LA PIÈCE MANQUANTE
Une douce gravité
Premier long-métrage du réalisateur Nicolas Birkenstock, "La Pièce manquante" dévoile avec simplicité une situation d’abandon pourtant complexe. Un matin, Paula (Lola Dueñas) décide de quitter le nid familial, laissant à son mari André, Violette et Pierre, leurs deux enfants. Suite à la disparition soudaine de sa femme, André, interprété par Philippe Torreton, doit alors faire face à cette nouvelle gérance.
La majeure partie de l’intrigue se déroule dans cette grande demeure familiale où évoluent ceux qui restent, ou plutôt les abandonnés. Dans ce grand espace où leur mère étouffait, il y a de la place pour les questions. Le questionnement, c’est d’abord celui du père, lui-même confronté à celui de ses enfants, l’un silencieux, l’autre en demande. Et par cela, le regard du réalisateur sur la famille : qu’est-ce qui constitue une famille ? Jusqu’où peut-on parler de famille ? Un thème que Nicolas Birkenstock connaît bien puisqu’il l’a déjà abordé dans ses précédentes réalisations (les courts-métrages "Mon miroir" ou "Le Bout des doigts"), sans savoir à l’époque que les débats sur la famille reviendraient aujourd’hui dans l’actualité.
Et pour traiter ce sujet délicat, Nicolas Birkenstock choisit la simplicité. La narration est épurée, une qualité que l’on retrouve dans la mise en scène avec l’ouverture du film au ralenti, la grâce des images de trampoline où l’on s’envolerait presque avec Violette (Armande Boulanger) ou encore l’enchainement éthéré des plans. Malgré la tempête intérieure que vivent les personnages, Nicolas Birkenstock prend le temps de poser chacun de ses cadres avec un calme certain, sans verser non plus dans la rigidité. C’est cette contradiction maitrisée qui rend le film précieux dans sa forme, laissant au fond faire son boulot.
Le fond c’est la confrontation des présents à l’absence. Peu habitué à jouer au père, André est subitement renvoyé à son rôle.
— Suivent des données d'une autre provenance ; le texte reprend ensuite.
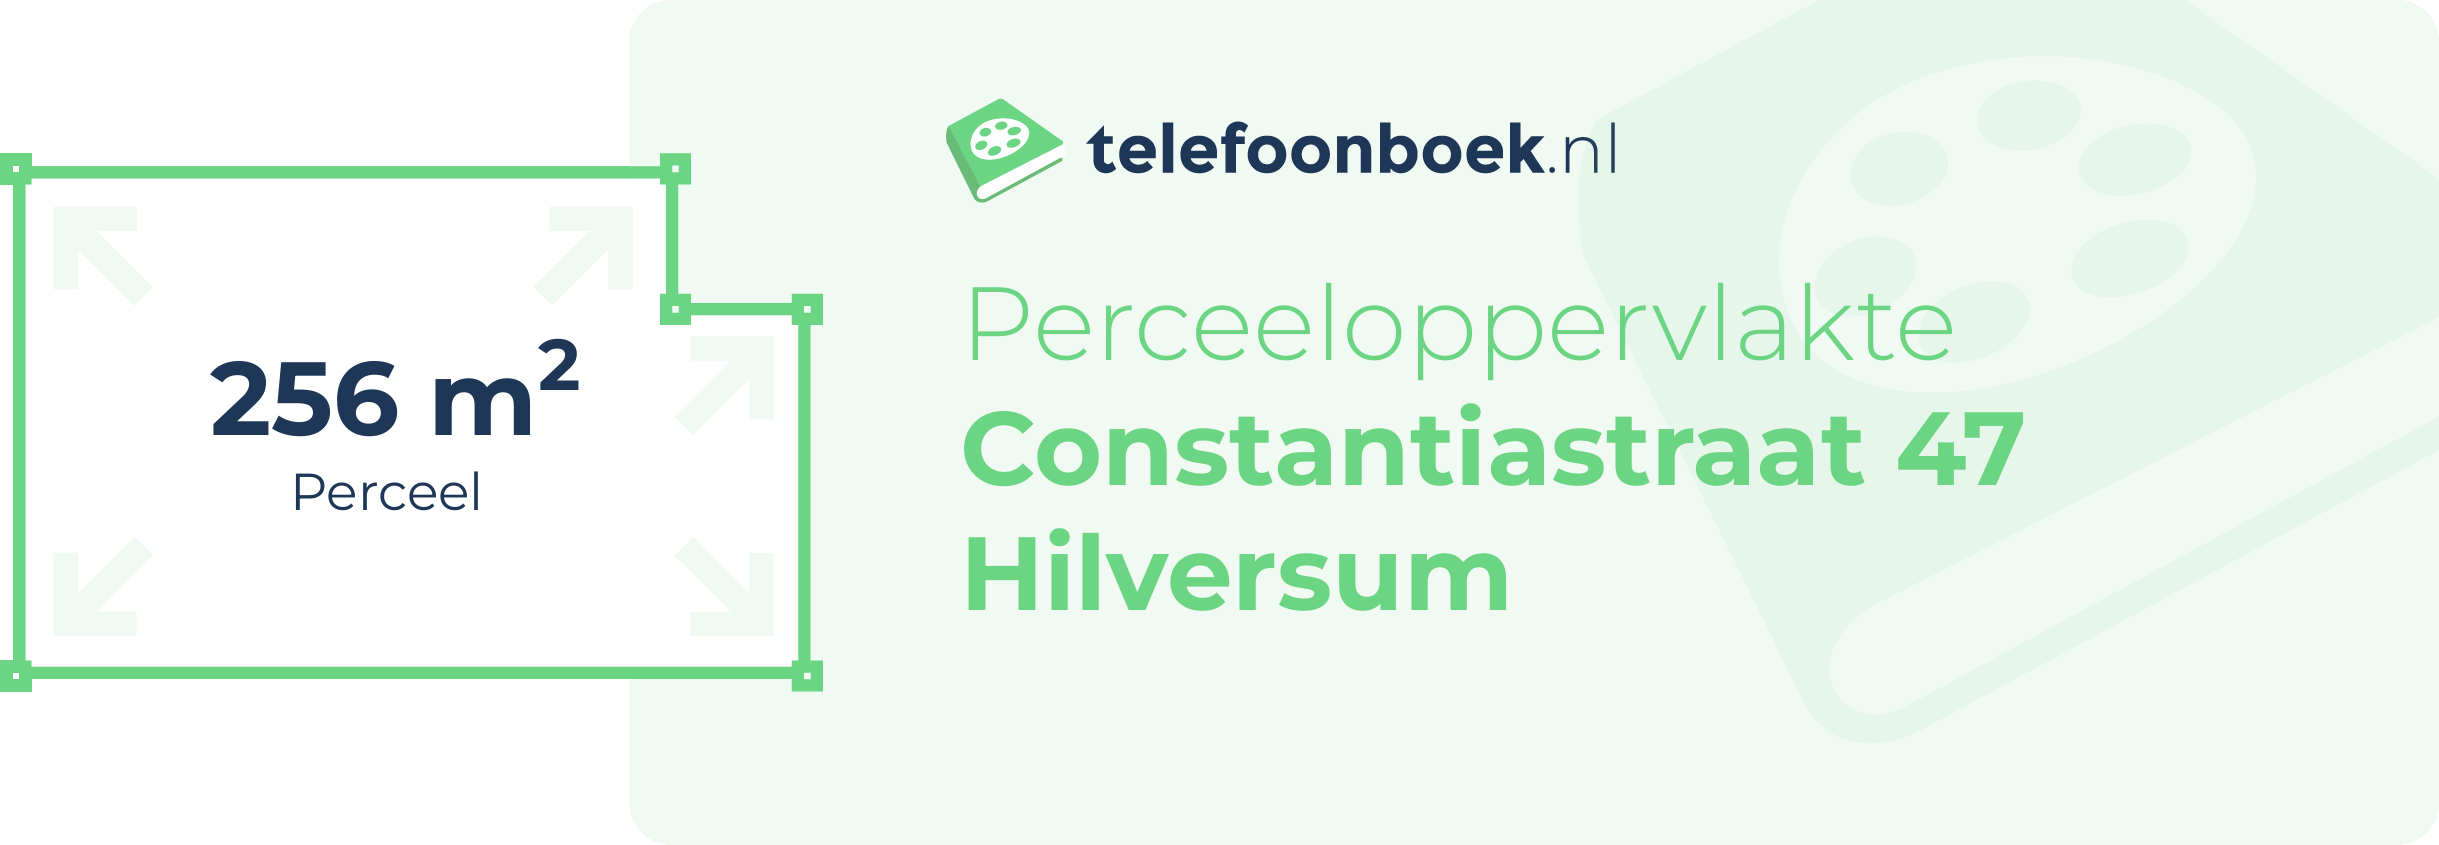 Perceeloppervlakte Constantiastraat 47 Hilversum
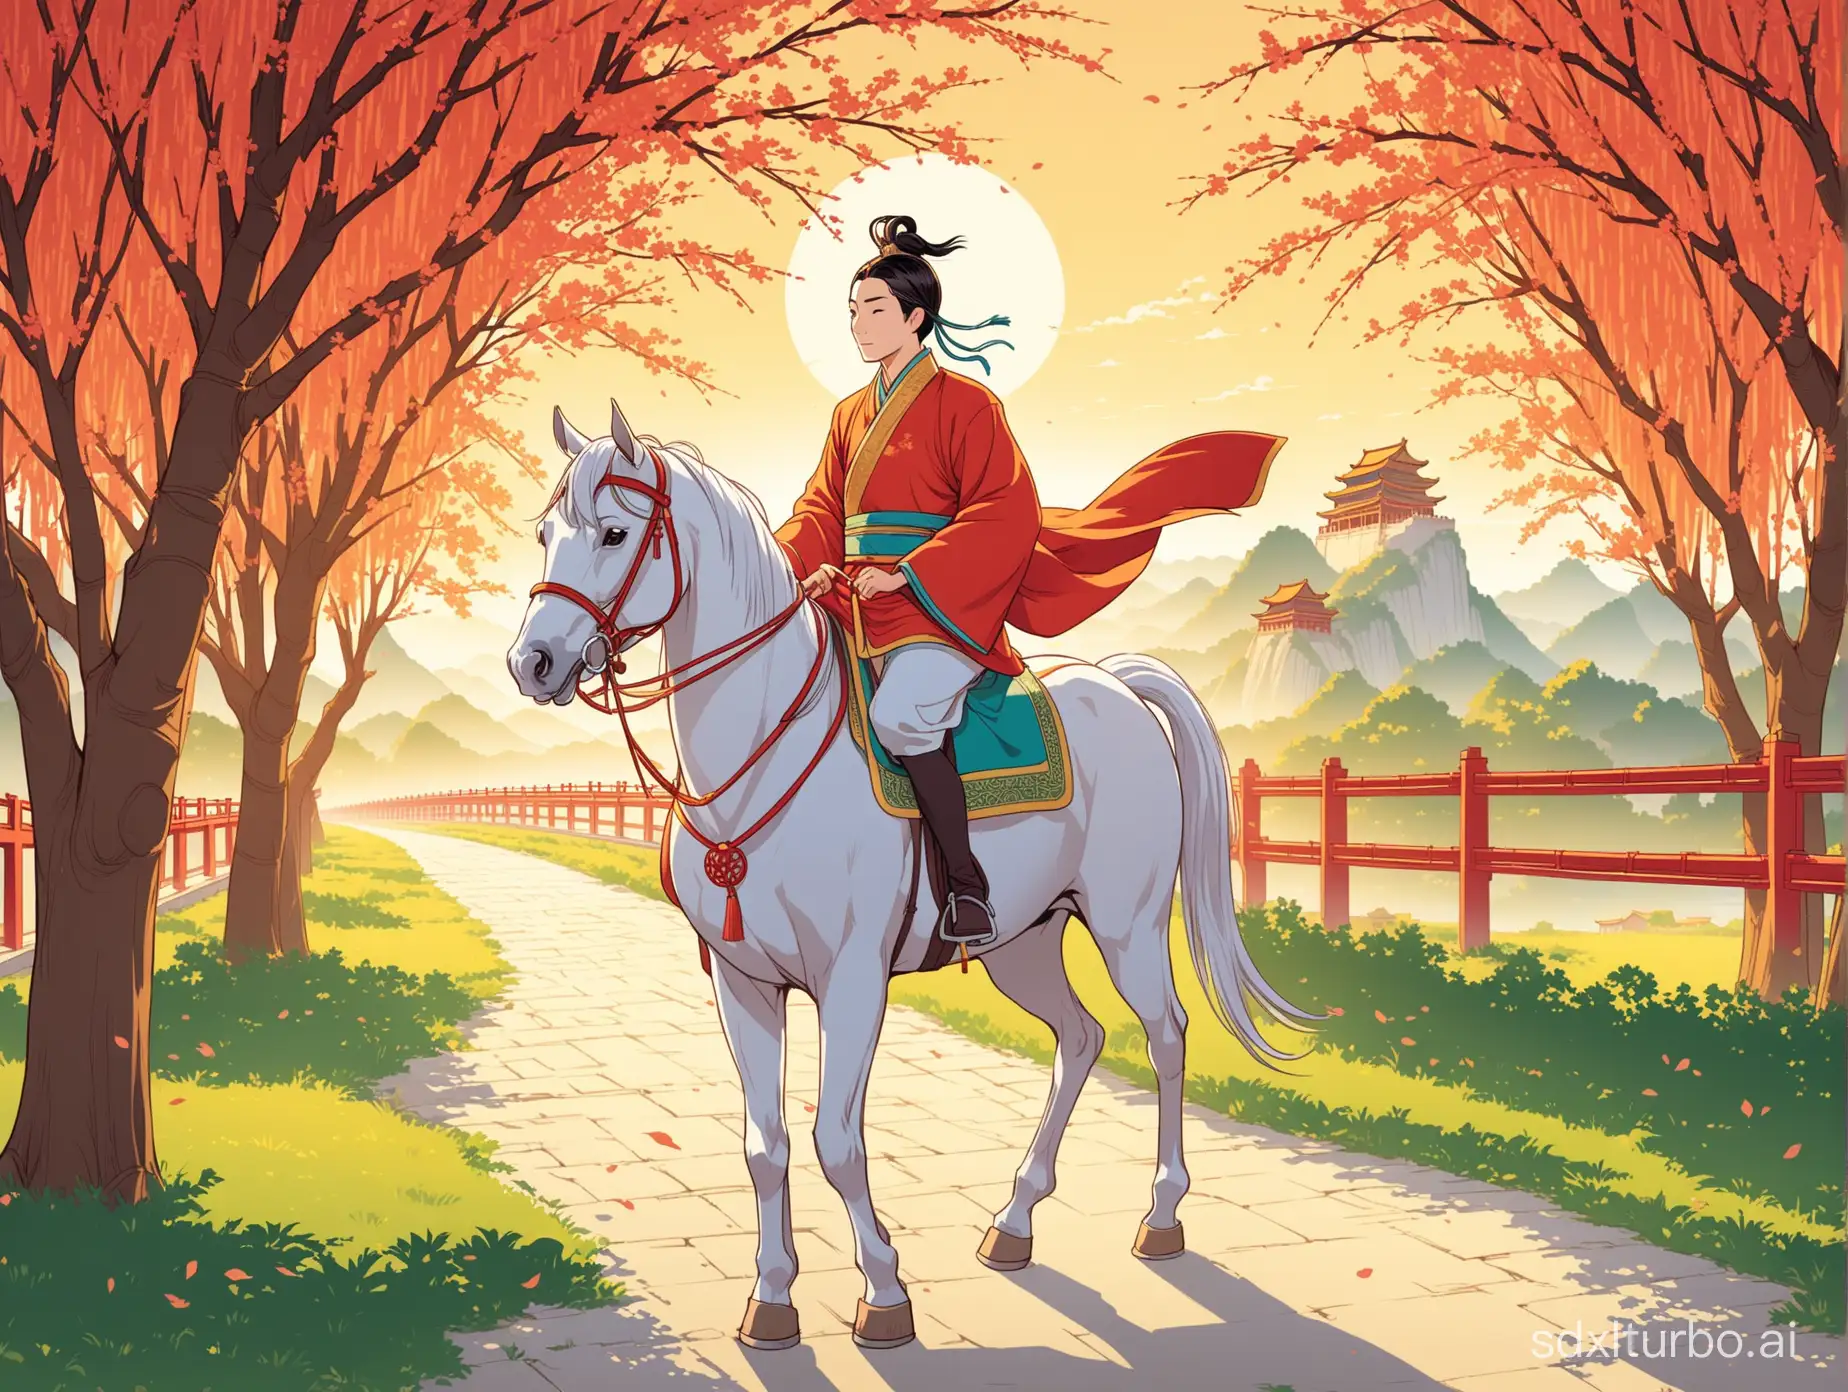 古时一个秀才进京赶考,骑着马,在路上,柳树,卡通,动漫

Et dans cette tâche peu aisée, il trouve progressivement ses marques et se surprend même à se redécouvrir. Alors que Paula étouffait, André apprend lui, à respirer.
La réussite de ce doux mélange se trouve enfin du coté des acteurs et de leur sincérité dans le jeu. Armande Boulanger, découverte cette année dans le long-métrage de Nicolas Bary "Au bonheur de ogres", tient tête à son père avec fermeté. Lola Dueñas, actrice espagnole vu chez Almodovar ("Volver", "Étreintes brisées" ou "Les Amants passagers"), nous laisse croire à la possibilité d’un envol malgré sa courte présence à l’écran. Enfin, en père de famille maladroit et désorienté, Philippe Torreton est quant à lui, touchant.
Du vertige à la reconstruction, on apprécie la finesse du cheminement qui se dessine comme un fil tendu au dessus du précipice. Dans ce puzzle familial où chacun vient trouver sa place, Nicolas Birkenstock se fraye, avec ce premier long-métrage, un chemin entre délicatesse et bienveillance.